# John Deere 111 issues



## Keleman7592 (9 mo ago)

Hi guys! This may seem long but hear me out and please give me some ideas on what could be wrong...

I got a JD 111 for $100. The guy said all it needed was a new starter and battery. He was right. It fired up even with old gas in it. So I got it running and let it idle for a while to get it going and burn some old fuel. I also left the gas cap off by accident...I mention this because it might be the reason for the problem I'm gonna tell you about.
I then decided to take it out for a little drive in the yard to see how it does through each gear. First, second and reverse went fine. (I will admit that I forgot it's not like a 212 where you have to come to a complete stop to shift up or down, only in reverse) so I came to a complete stop, shifted into 3rd, let off the clutch and brake and the tractor completely died. I did this a couple times and it always died out. After I remembered I don't need to come from a stop, I went from 2nd to 3rd fine but after a few seconds the tractor started to surge and eventually shut off. It did it again until it wouldn't fire up at all. So I brought it back to the garage, let it sit for a few minutes, tried to fire it up again and this time it did start but then there was a small amount of smoke coming from the exhaust area (if I had to guess).
Have you ever experienced anything like this or heard anything like this? Is the carb flooding itself? Is the carb plugged somewhere and not getting enough fuel to make the tractor go in higher gears? Is the gas cap no good and causing vapor lock? It shifts, so it can't be the transmission itself. The belt wasn't falling off. I check it out and it did have maybe some slack to it but it was on the pulleys and when manually turning the pulley, it tightened back up and was revolving. I know this is a long message but I'm just trying to get some ideas. I believe it's fuel related but I could be wrong. Thank you in advance for any helpful knowledge or advice!!

Regards,

James K


----------



## pogobill (Jan 31, 2012)

You didn't mention the part where you put new fuel in the tank?!? try that and a little SeaFoam. fire it up and let it run some of the sea foam through it and then let it sit, overnight, maybe. See if that clears it up.


----------



## Keleman7592 (9 mo ago)

pogobill said:


> You didn't mention the part where you put new fuel in the tank?!? try that and a little SeaFoam. fire it up and let it run some of the sea foam through it and then let it sit, overnight, maybe. See if that clears it up.
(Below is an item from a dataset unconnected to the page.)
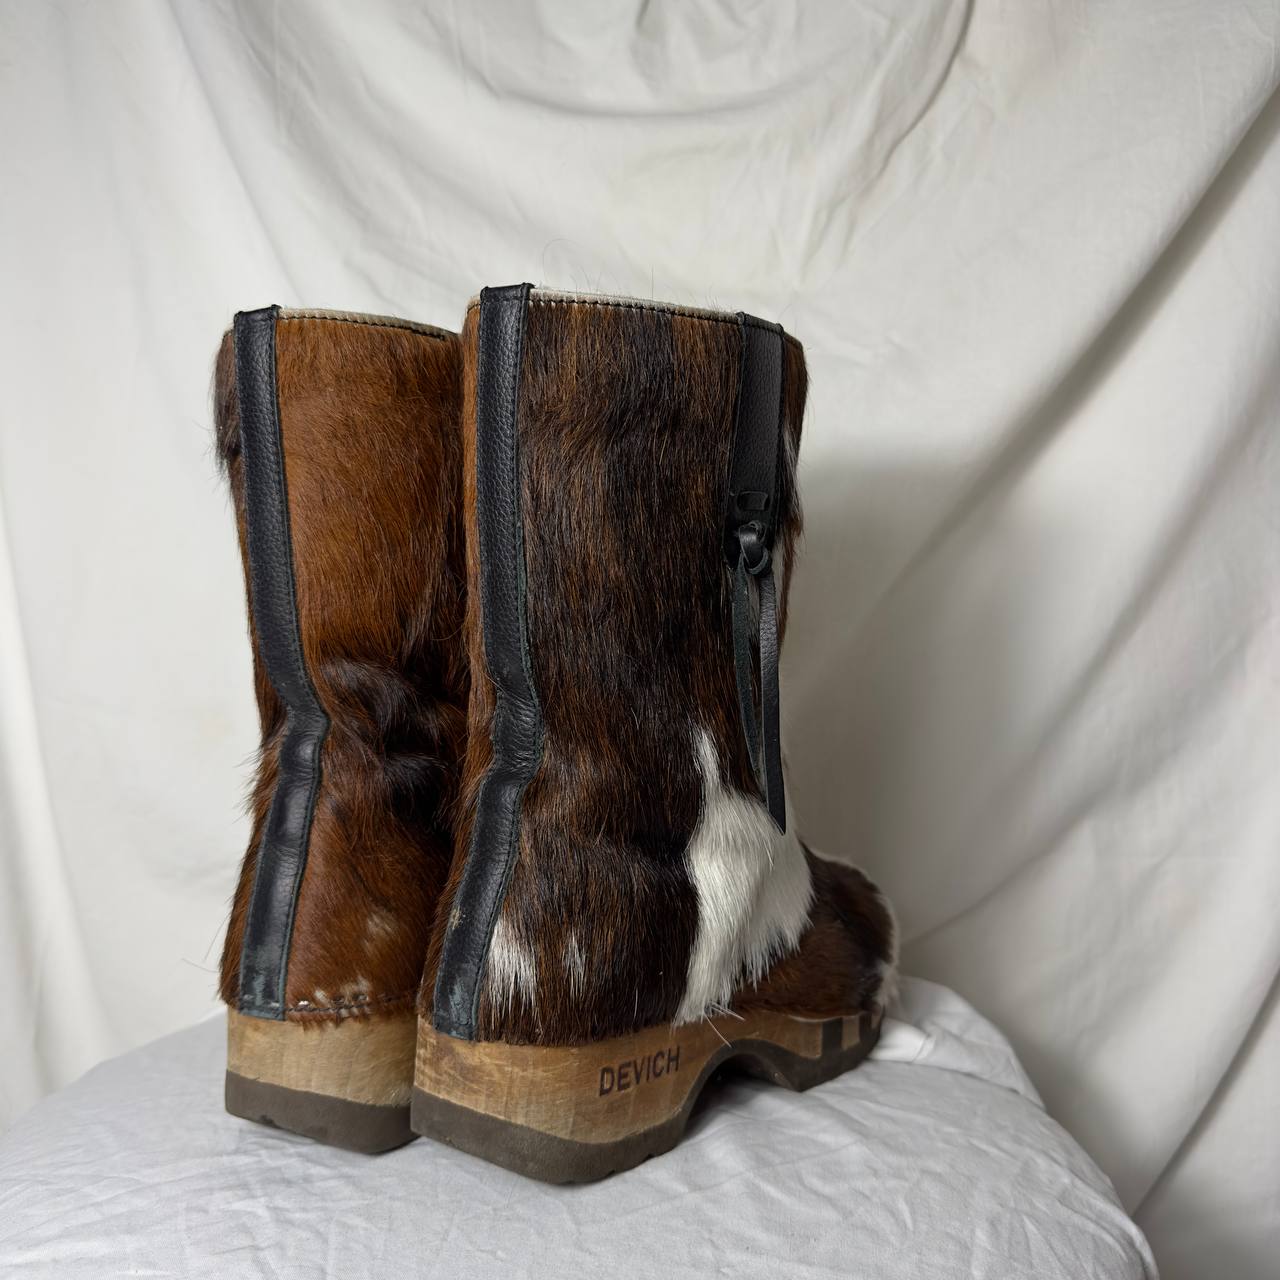 Vintage Fur Boots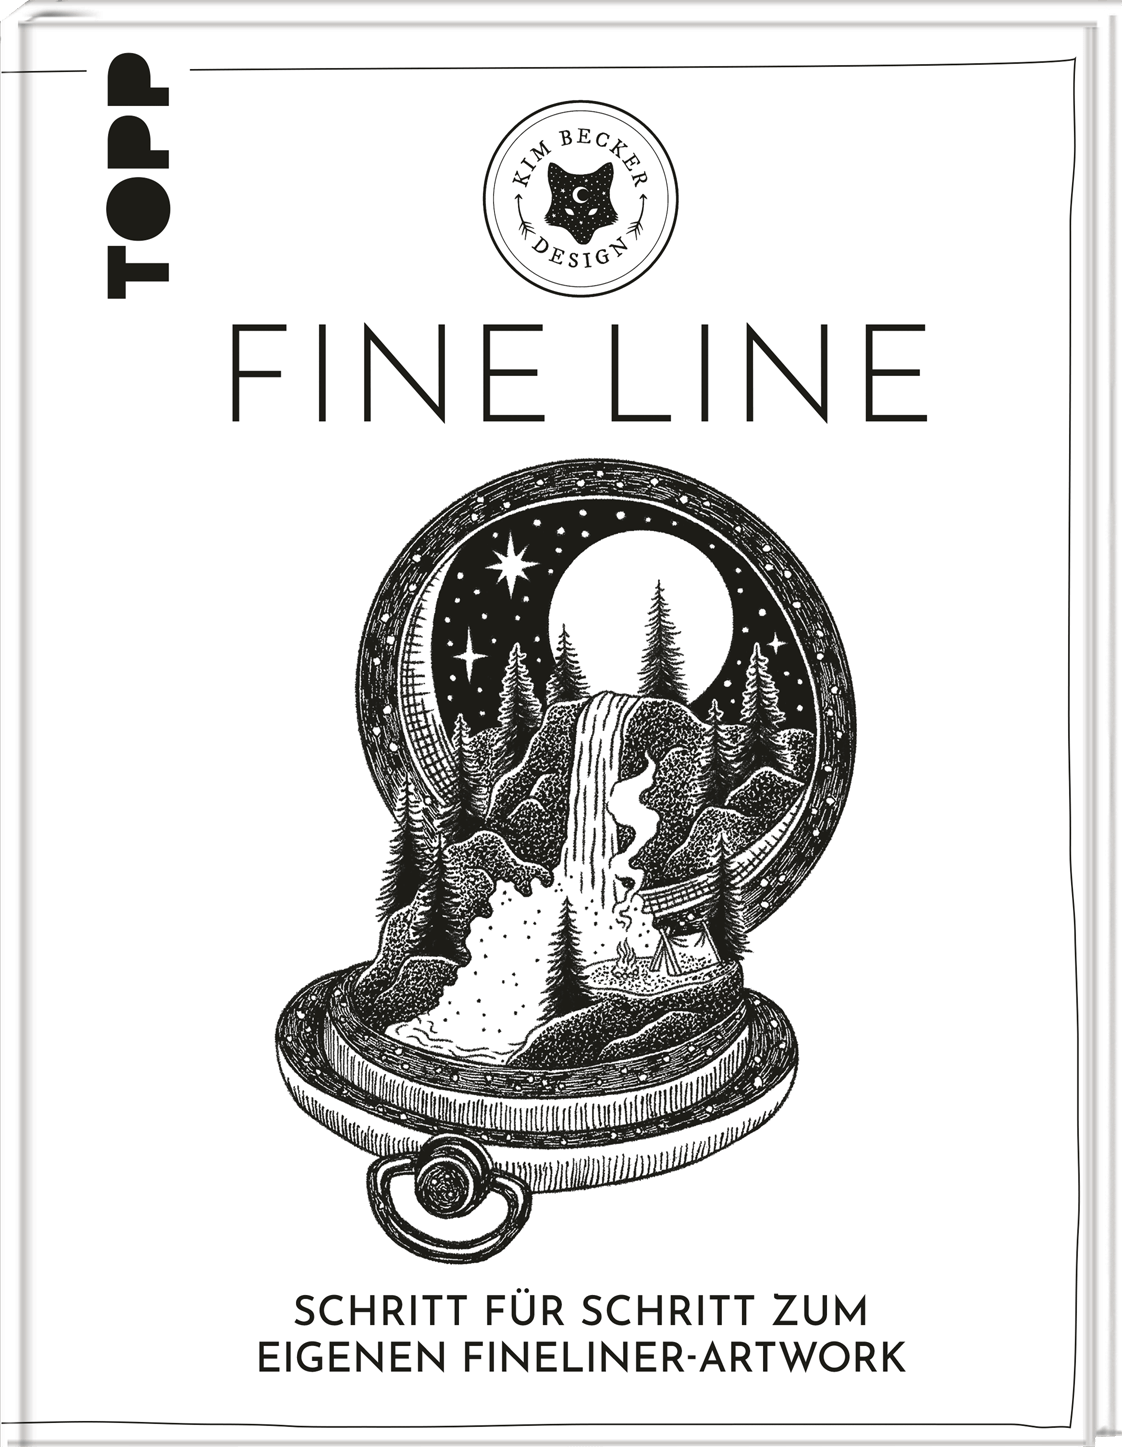 Zeichnen mir Fineliner und dem Fine Line Buch von Kim Becker

Sorry I should have mentioned that. I put new fuel into the tank after it started surging and died out the last time


----------



## Keleman7592 (9 mo ago)

Could this be anymore than a fuel/carb issue?


----------



## pogobill (Jan 31, 2012)

Keleman7592 said:


> Could this be anymore than a fuel/carb issue?


Try running it with a little choke. If you can get it to smooth out with the choke, your carb may need a cleaning. Seafoam will do a decent job of that if you want to give it a try.


----------



## Keleman7592 (9 mo ago)

Should I pour the seafoam directly into the carb?


----------



## pogobill (Jan 31, 2012)

Put it in the fuel


----------



## Bob Driver (Nov 1, 2017)

Should be a Briggs Choke-A-Matic carb(Briggs #491026). There's a knurled/slotted needle valve on the bottom of the float bowl. That's your high-speed mixture screw. Give it a 1/2-1 turn out and see it runs better. If it does, you've got a couple of orifices plugged in the mixing nozzles. Sea Foam might clear them up, if not you'll need to clean the mixing nozzles.

If that's not something you want to do, they are cheap and easy to replace...

Briggs 491026 Choke-A-Matic $14


----------



## Keleman7592 (9 mo ago)

Bob Driver said:


> Should be a Briggs Choke-A-Matic carb(Briggs #491026). There's a knurled/slotted needle valve on the bottom of the float bowl. That's your high-speed mixture screw. Give it a 1/2-1 turn out and see it runs better. If it does, you've got a couple of orifices plugged in the mixing nozzles. Sea Foam might clear them up, if not you'll need to clean the mixing nozzles.
> 
> If that's not something you want to do, they are cheap and easy to replace...
> 
> Briggs 491026 Choke-A-Matic $14


Yes I know they are cheap and easy to attain but I've read bad reviews of them not running the best and or the air filter box not screwing into the screw hole on the carb. I'll take it apart and slowly go through it to make sure all the ports are free


----------



## Bob Driver (Nov 1, 2017)

Keleman7592 said:


> Yes I know they are cheap and easy to attain but I've read bad reviews of them not running the best and or the air filter box not screwing into the screw hole on the carb. I'll take it apart and slowly go through it to make sure all the ports are free


Well... That's the thing about the internet. There are way more idiots out there than are professional mechanics. The same DIY idiots are bashing the replacement carb they bought because they didn't have a clue about how to take their old one apart and clean it, much less how to tune it. 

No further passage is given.